Baker outlines new homeless plan
By AARON SHAROCKMAN
Published January 30, 2007
ST. PETERSBURG — Prodded to resolve the city’s growing homeless problem, Mayor Rick Baker has announced a strategy that combines the resources of government, business and faith-based groups.
The plan, unveiled at a hastily called news conference Tuesday, includes kicking in $150,000 in taxpayer funds for immediate help and planning a new shelter with as many as 200 beds to be open by next winter.
The strategy won’t solve homelessness in the city, Baker said, but it will provide a needed boost to outreach efforts. The message comes as criticism mounts that the city is not doing enough.
“When you have challenges, you have an opportunity to marshal resources and bring together people,” Baker said, standing in front of representatives from the U.S. Department of Housing and Urban Development, the St. Petersburg Chamber of Commerce and Catholic Charities, among others.
“When you enter a situation when you have difficulties, you take advantage of it.”

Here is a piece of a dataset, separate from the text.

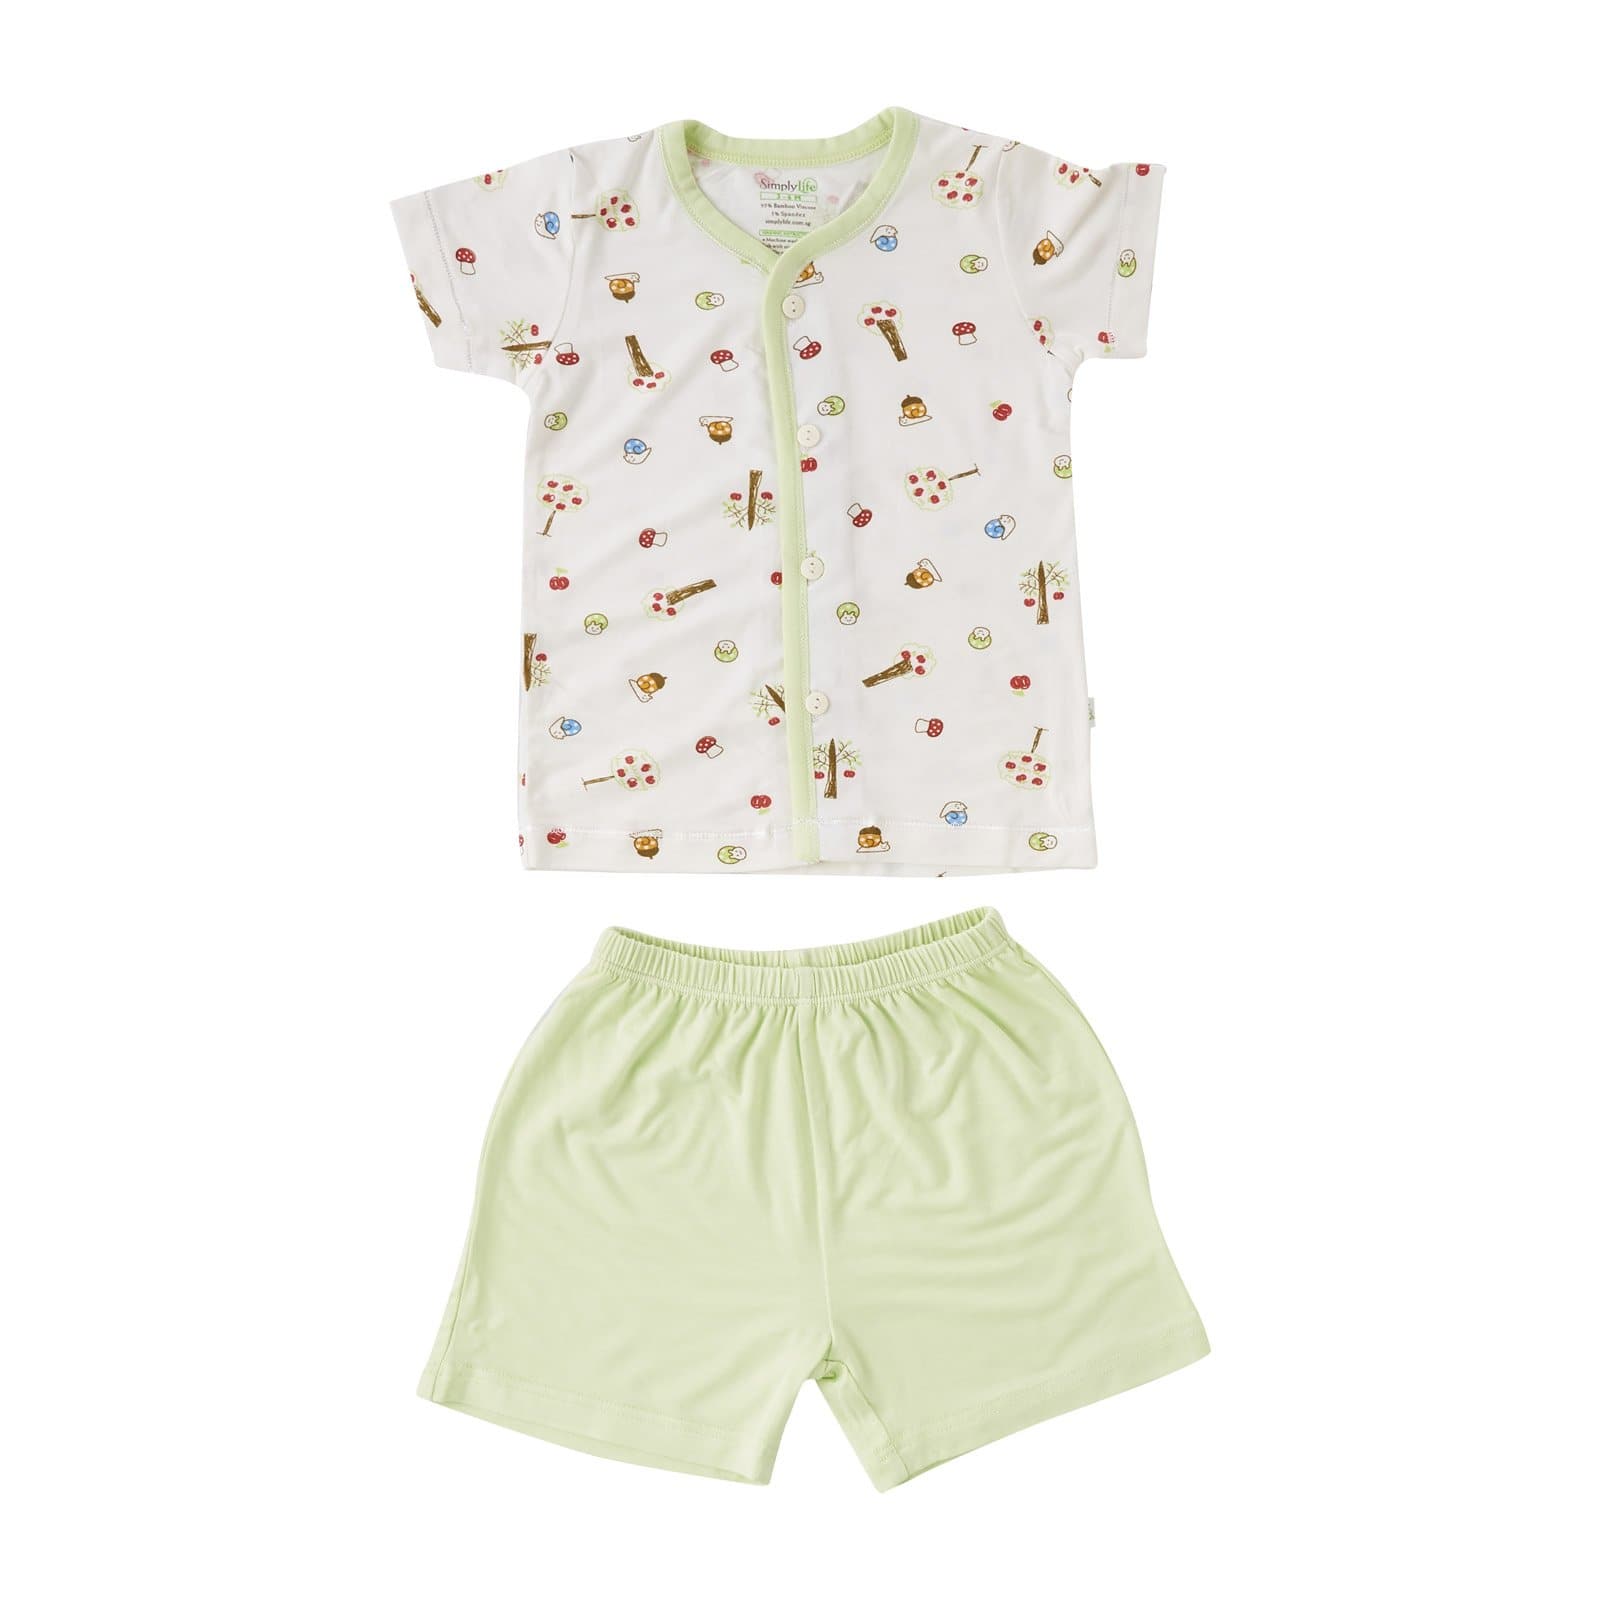 Apples - Short sleeved button vest with shorts (Mint) - Simply Life

The $150,000 transitional assistance would come from the city, Baker said, and will be used to bolster emergency relocation aid to the city’s homeless for the next 90 days.
At the same time, a group led by St. Petersburg College President Carl Kuttler and Progress Energy Florida chief executive Jeff Lyash would begin to scour the county for more permanent shelter space. The shelter would not necessarily be built in St. Petersburg.
As part of Tuesday’s announcement, Baker said former Boeing CEO and city resident Harry Stonecipher has pledged up to $500,000 in matching money to pay for new shelter space. Other funds are expected to come from a combination of public and private entities. Stonecipher, 70, did not return a message left at his St. Petersburg condominium.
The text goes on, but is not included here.